Kilka zdjęć z "wewnętrza":)
Powiększyła się również moja nożyczkowa kolekcja o parę firmy Kelmscott o nazwie Seaton, którą pokazywałam Wam już w tym poście.
Zostałam obdarowana wyróżnieniami "Liebster blog" od Marioli oraz Joanny:) Dziękuję Wam bardzo i serdecznie pozdrawiam! Zakładając bloga nawet przez myśli mi nie przeszło, że dostanę kiedyś jakieś wyróżnienie, a tu takie niespodzianki!:)
Otrzymałam na przechowanie kolejne TUSALowe upominki, które możecie zobaczyć tutaj.
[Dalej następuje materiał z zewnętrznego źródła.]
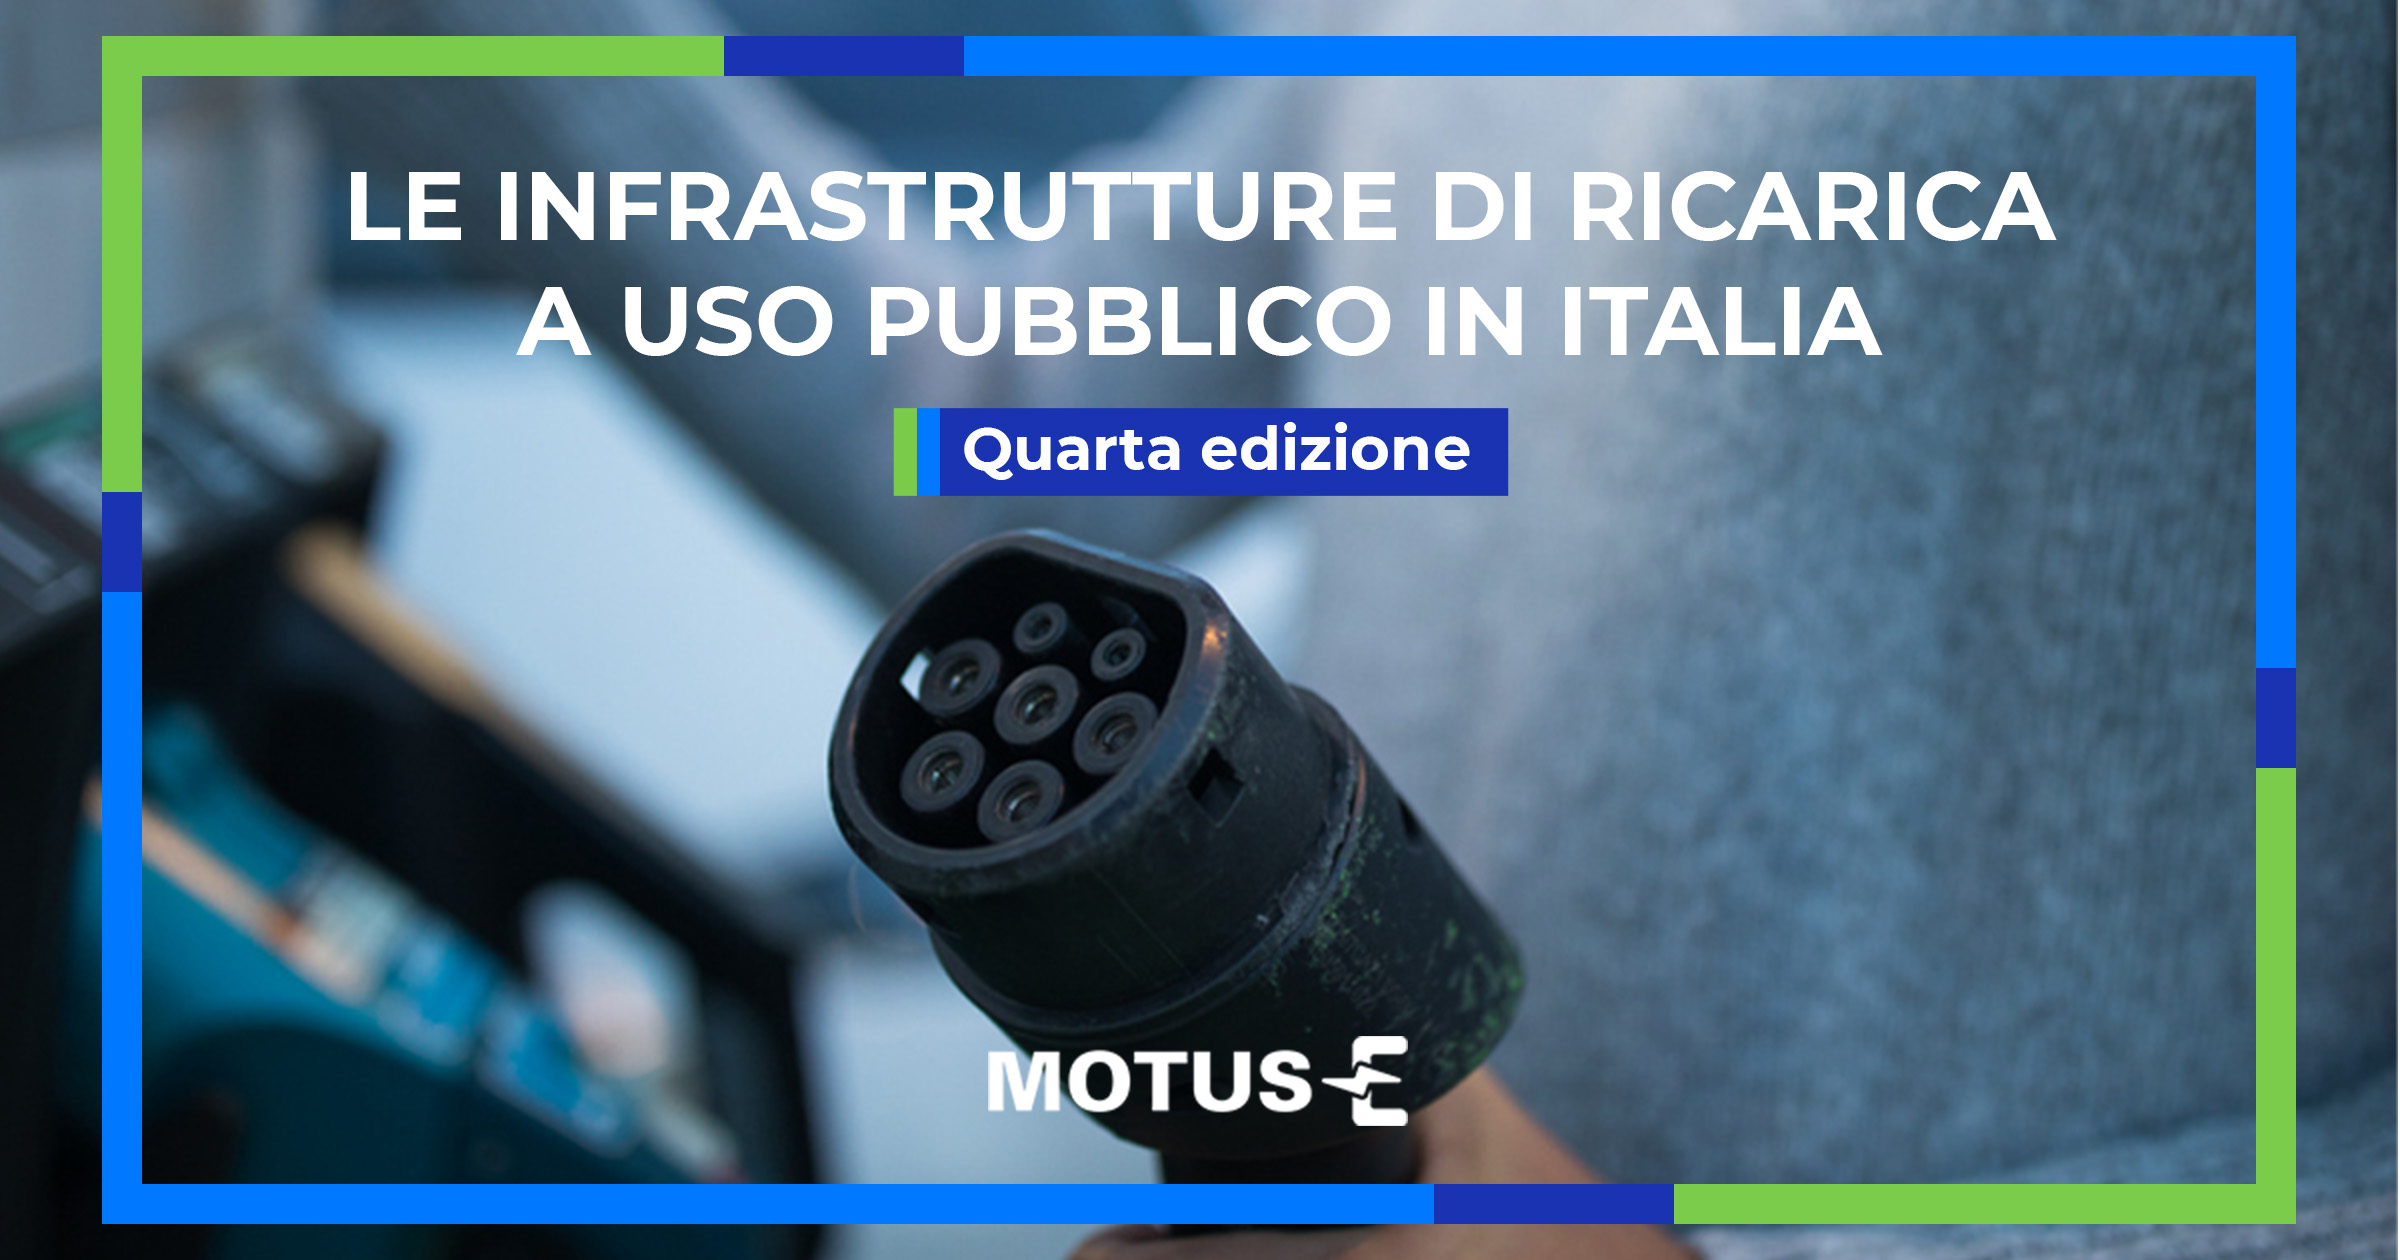 Le infrastrutture di ricarica a uso pubblico in Italia</br><h5>Quarta edizione</h5>
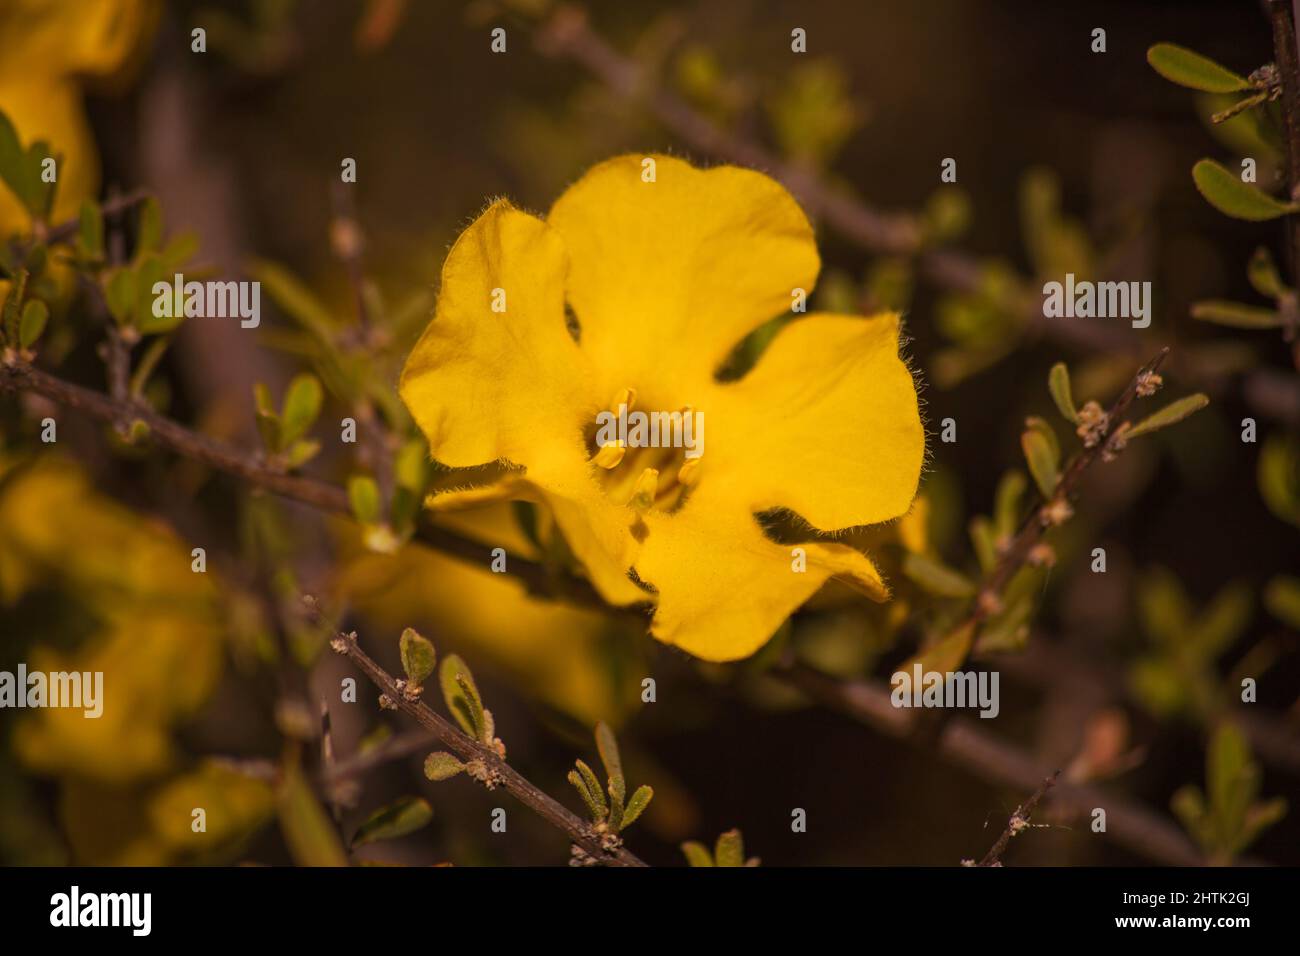 Flowers of the Karoo Gold Rhigozum obovatum Burch 14652 Stock Photo

Na haftowanie mam baaaardzo mało czasu, a jak już się znajdzie to często sił brak. Oczywiście moja Pracownia nadal działa i działać będzie:) Haft z osiołkiem już skończyłam, praktycznie zastosowałam, ale nie zrobiłam jeszcze zdjęć. Rano ciemno, po pracy ciemno, a w ten weekend dyżuruję i całą sobotę byłam "w terenie". Oby do wiosny!